L'auteur, déplorant de manière évidente cet état de fait, indique bien l'imprégnation pacifiste du pays tout entier qui laisse en définitive de très faibles marges de manoeuvres à des hommes politiques soucieux de sortir le Japon d'une période constitutionnelle pour entrer de plain pied dans un concert "classique" d'États. C'est pourquoi, malgré un certain battage médiatique, il n'est pas certain que les récentes activités gouvernementales aient un impact sérieux sur l'ensemble de la politique de défense.
Toutefois, et en se basant beaucoup précisément sur les langages du politique, certains auteurs se demandent s'il n'y a pas en cours un changement (potentiel) de paradigme.
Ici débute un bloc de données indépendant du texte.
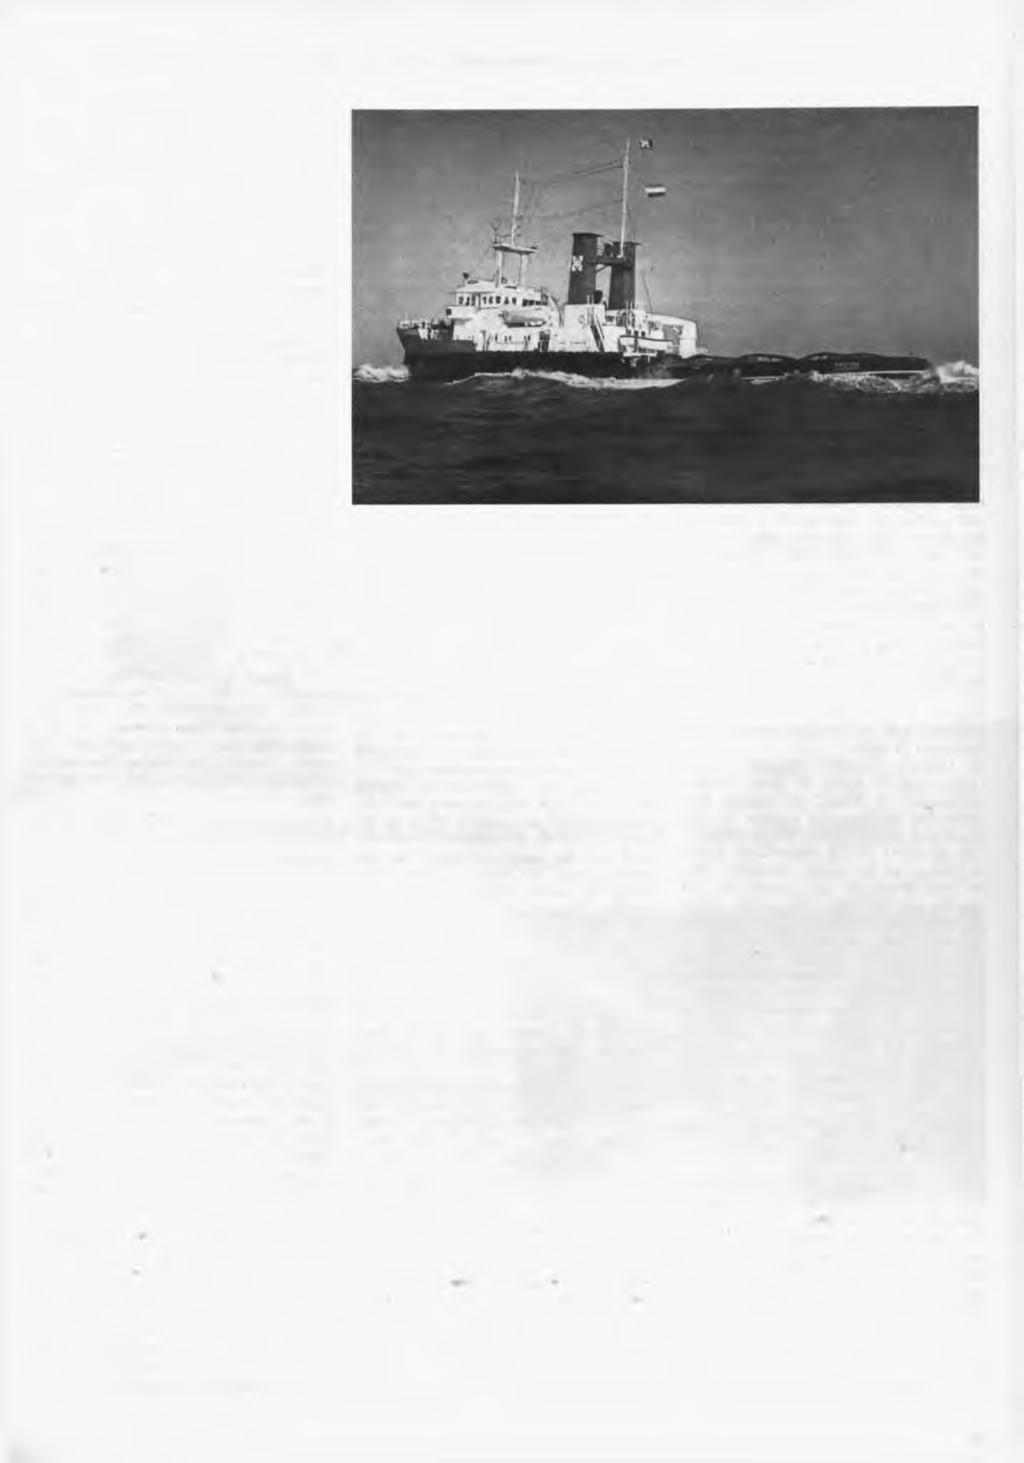 ZEESLEEPBOOT POOLZEE IN DIENST GESTELD O p dinsdag 26 januari 1971 heeft L. Sm it & C o s In tern atio n ale Sleepdienst de zeesleepboot P oolzee aan zijn vloot toegevoegd.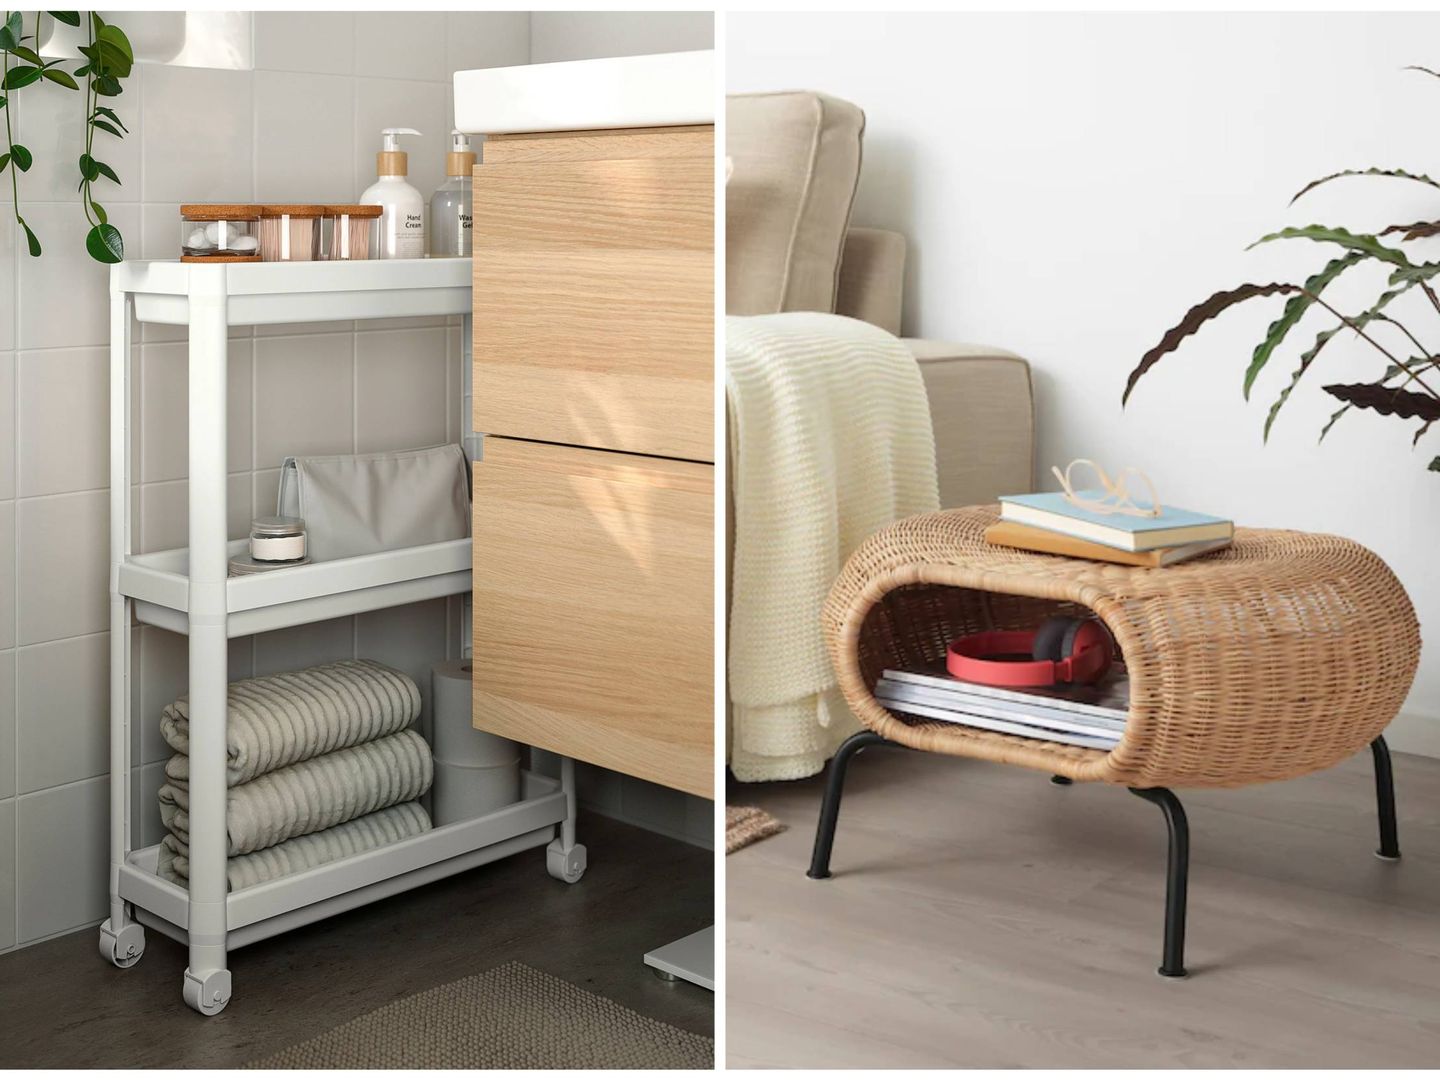 Muebles de Ikea perfectos para una casa pequeña. (Ikea)

Eric SEIZELET écrit que "le débat sur la révision de la Constitution de 1947 a connu un regain d'actualité avec le retour au pouvoir du Parti Libéral-Démocrate lors des élections générales de décembre 2012." Il explore l'avant-projet de révision constitutionnelle (qui veut opérer une autre interprétation de cette Constitution) (adopté en Conseil des ministres en juillet 2014) que ce parti a mis au point en avril (2014), l'un des points en discussion étant la réécriture de l'article 9 et du "pacifisme constitutionnel". Tout en soulignant que le PLD ne souhaite pas abandonner la posture pacifiste qui a été celle du Japon depuis 1945, il souligne que le parti majoritaire souhaite néanmoins en infléchir la portée en transformant les Forces d'autodéfense en "Armée de défense nationale". Compte-tenu de la complexité du processus de révision, il sera toutefois difficile pour le PLD de réunir un véritable consensus sur ce sujet, mais cet avant-projet en dit long sur l'évolution d'une politique de défense qui cherche à s'affranchir progressivement des tabous de l'après-guerre.
Eric SEIZELET, Japon : des Forces d'autodéfense à l'Armée de défense nationale. Autopsie d'un changement potentiel de paradigme, dans Mots, les langages du politique, n°104/2014. Jean ESMEIN, L'imprégnation pacifiste, dans Civilisations, Revue internationale d'anthropologie et de sciences humaines, n°39, 1991, numéro sur le Japon - enjeux du futur.